_WHAT IS NEEDED:_ Begin the copy at the line containing "Playing transparent png" and end it at the final line of the material below, reproducing each line exactly, without images.

---------- COLLECTED MATERIAL

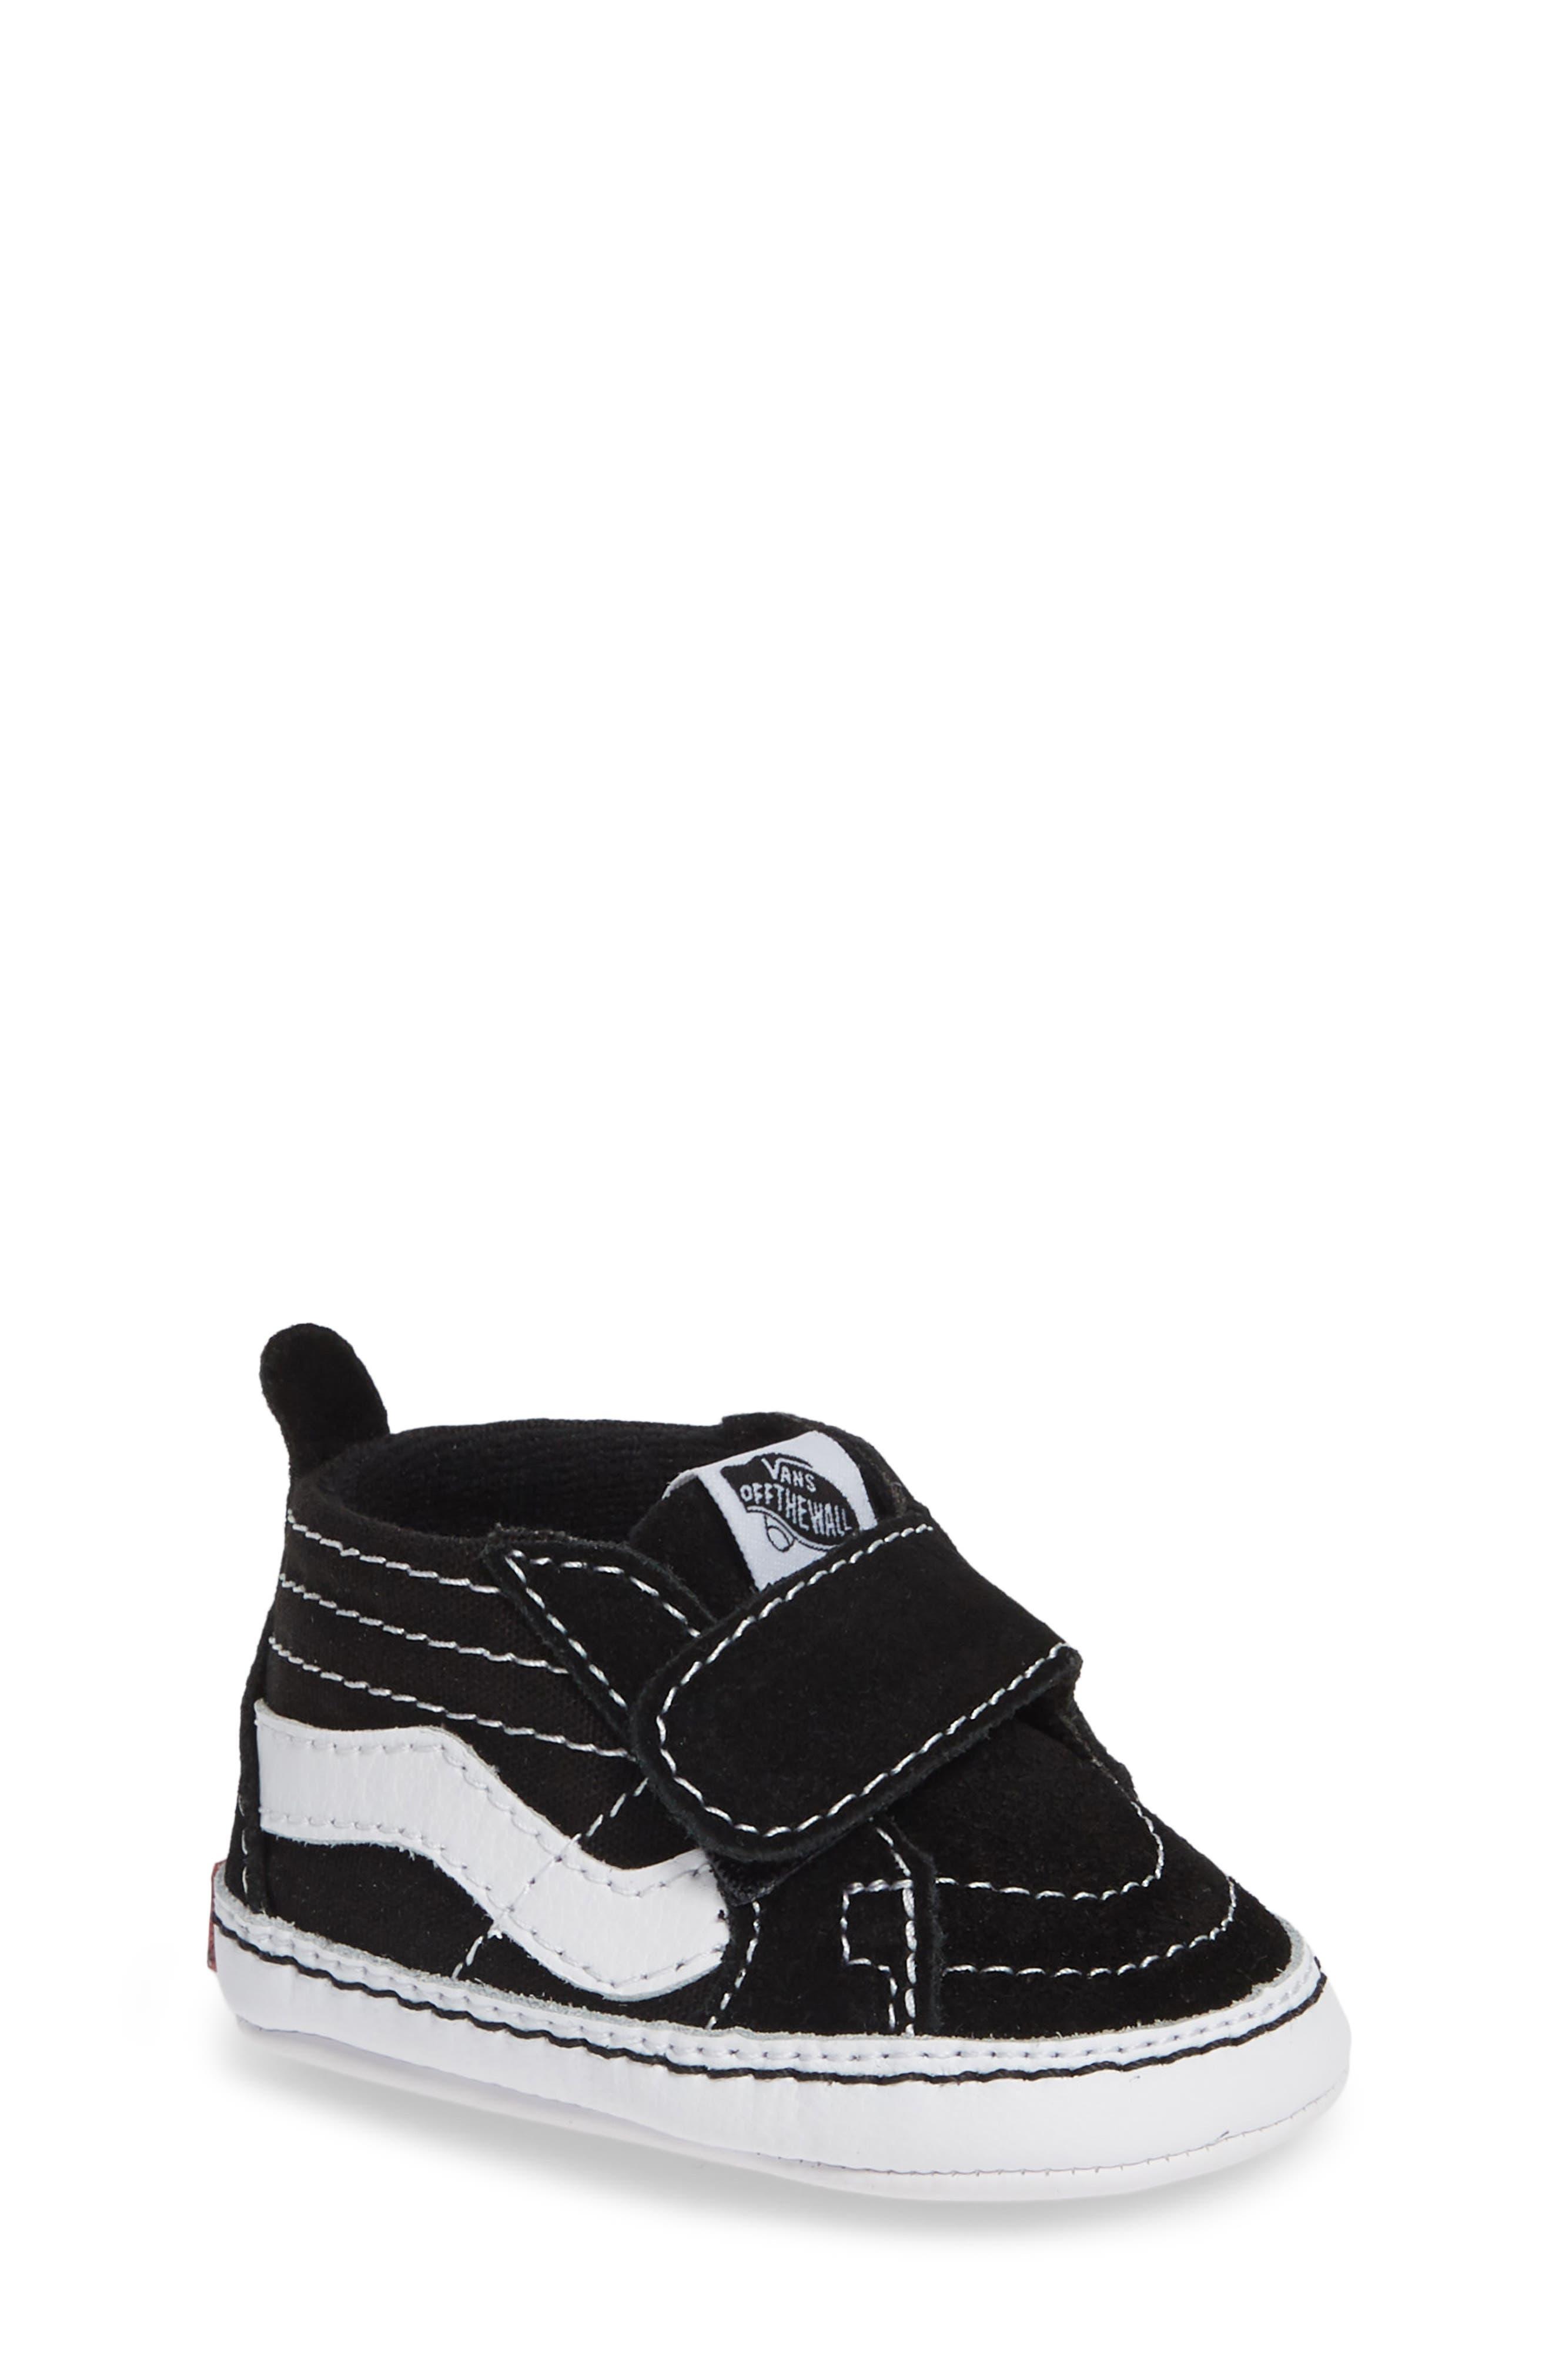 VANS 'SK8-Hi' Crib Sneaker, Main, color, BLACK/TRUE WHITE
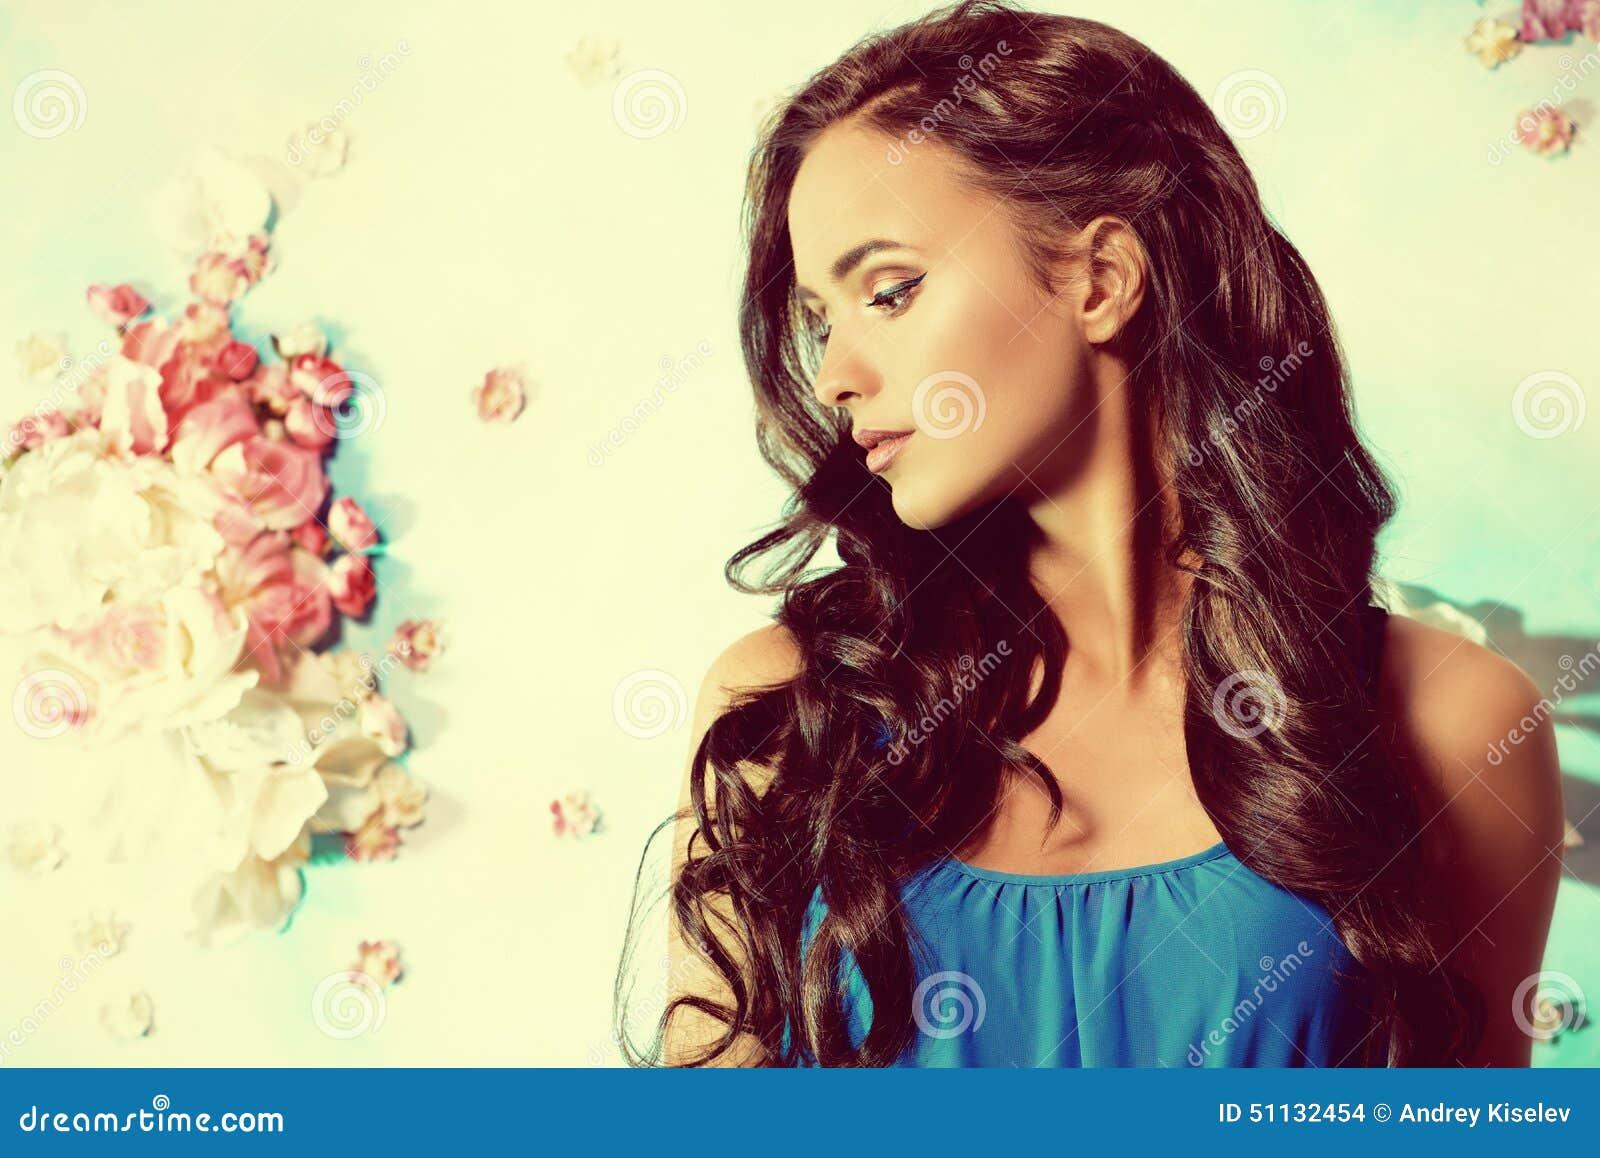 Tender beauty stock photo. Image of adult, girl, beauty
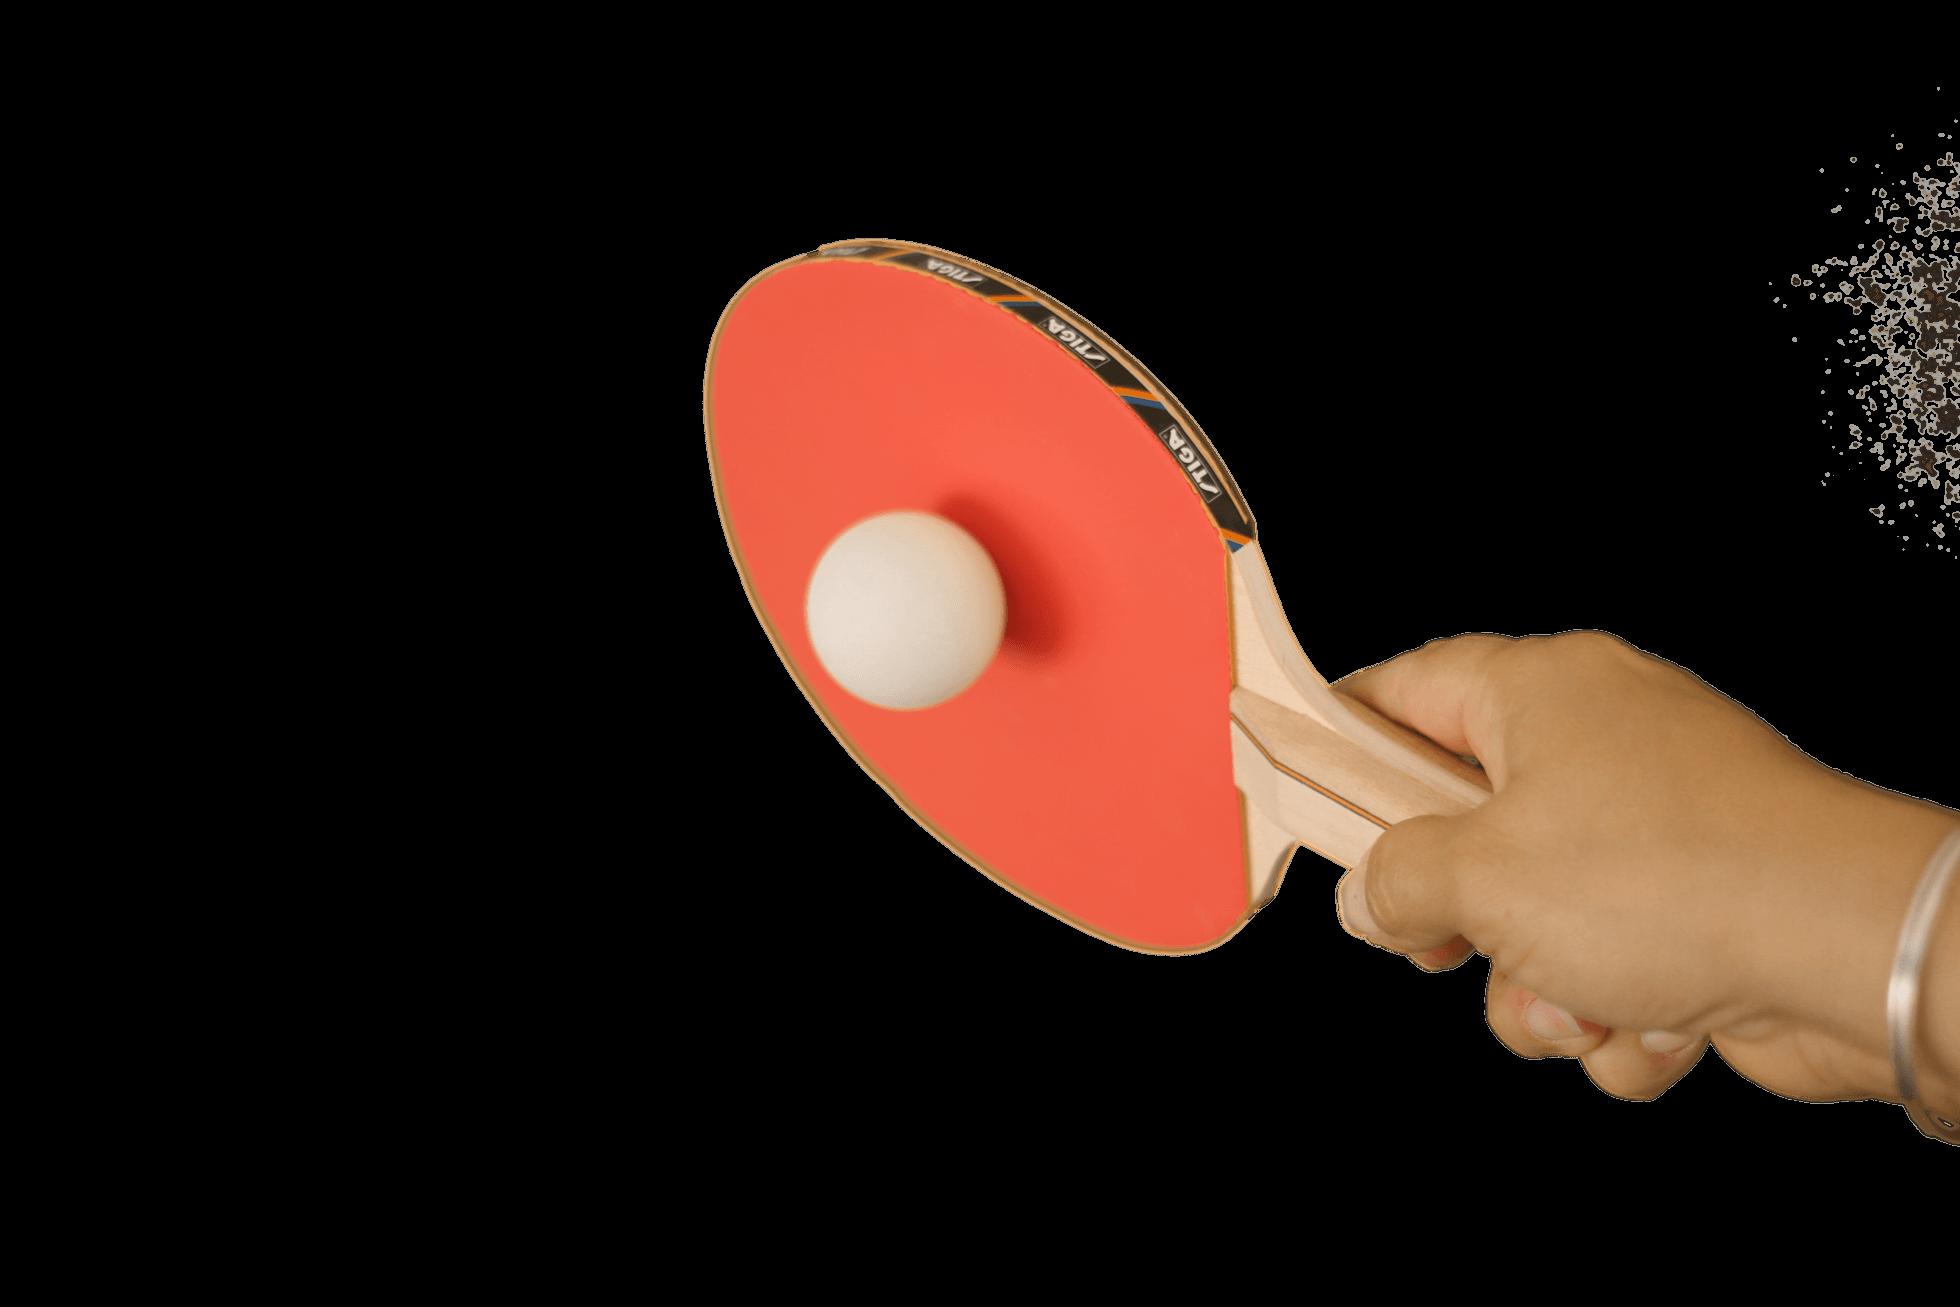 Playing transparent png stickpng. Clipart bat ping pong
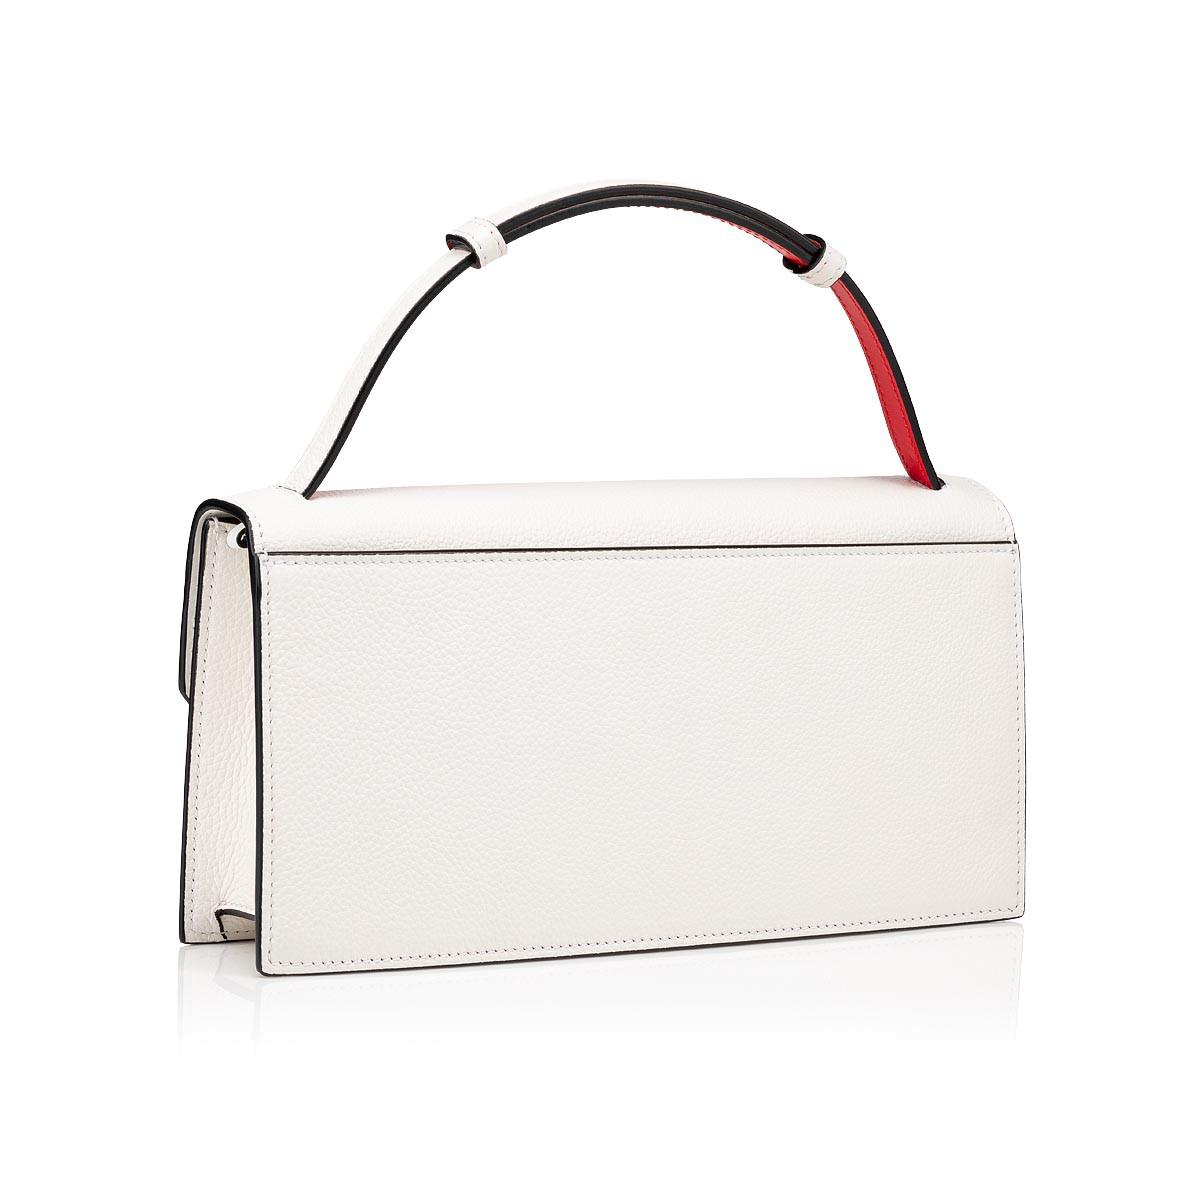 Bags - Elisa Baguette Classic Leather - Christian Louboutin

--------------------

_OUTPUT BELOW:_
 Playing transparent png stickpng. Clipart bat ping pong
 Bags - Elisa Baguette Classic Leather - Christian Louboutin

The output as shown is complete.